LOS ANGELES -- Gov. Pete Wilson this week vetoed legislation calling for the state's major pension funds to produce a report on the feasibility of providing credit enhancement for local government bonds.
The State Teachers' Retirement System and the Public Employees Retirement System "have the existing authority to conduct such a study and to provide credit enhancement programs," Wilson said in a veto message released Monday.
Accordingly, Wilson said, "This bill is unnecessary."
The veto ends a months-long effort by legislators to urge the pension systems to examine the idea.
As originally introduced, Assembly Bill 916 required the pension systems to establish credit enhancement programs as part of their investment strategy. The bill was later amended -- to ask for a study only -- after officials at the public employees system identified potential conflicts in guaranteeing bonds of local governments that also are clients of the system.
"If you're a local agency under contract with PERS to administer your pension program, you're issuing bonds using your own local agency's pension funds to secure them," said Betty Yee, a consultant for the Assembly Local Government Committee.

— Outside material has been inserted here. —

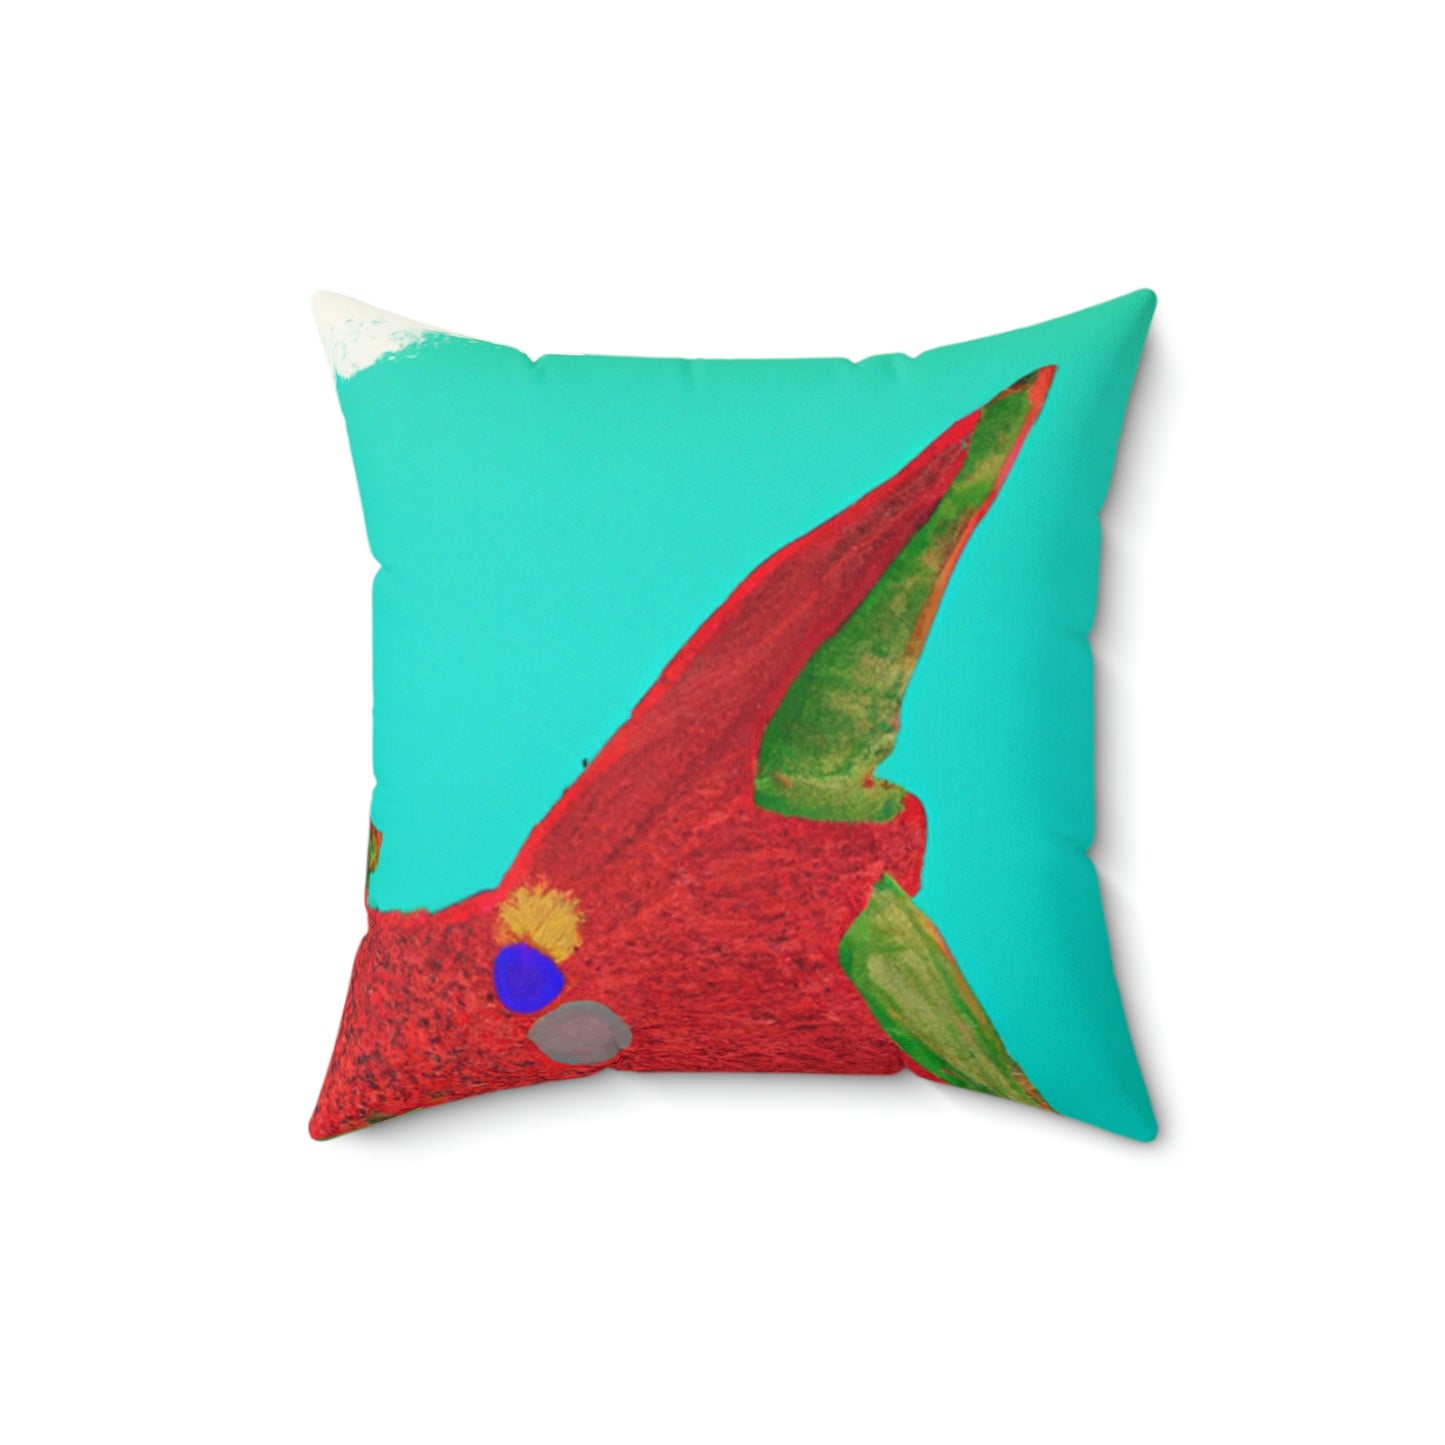 The Mysterious Flying Fish and Its Enigmatic Secret - The Alien Square Pillow

Officials at the public employees system feared the scenario could run afoul of Internal Revenue Service provisions prohibiting so-called self-dealing.
In his veto message, Wilson noted that the teachers system "has already begun the process of establishing a credit enhancement program for industrial development bonds."
The teachers system also concluded that conflict-of-interest problems could arise in guaranteeing school district bonds.
But the teachers system reasoned it could do some credit enhancement programs -- such as one for IDBs -- because "they don't impact school districts," according to Jennifer Morrill, director of legislation for the teachers system.
Other retirement systems have explored similar programs, and an Oregon pension fund last year insured a private conduit bond issue.
A.B. 916 grew out of California Debt Advisory Commission hearings late last year on the financial pinch facing local governments. The stress developed partly because the state shifted $3.7 billion of local property tax revenues to school purposes over the last two years.
Some local officials suggested the credit enhancement program could improve market access for weaker borrowers.
Questions have been raised, however, about whether certain local bonds carrying higher risks would meet prudent investment standards for the pension systems. Pension officials said, for example, that private bond insurers pass on certain bonds for good reason.
Wilson, in his veto message, said the teachers system "may issue a report" on its actual experience with the IDB enhancement program "as an example for general application."
Another state official familiar with A.B. 916 said the governor might be correct in saying the bill was unnecessary.
The official said, however, that the bill expressed the Legislature's desire for a report that the pension systems otherwise might not be inclined to do.
There is a perception that the pension systems "are lukewarm" about the concept, even if it might fill a void in the municipal market, the official said.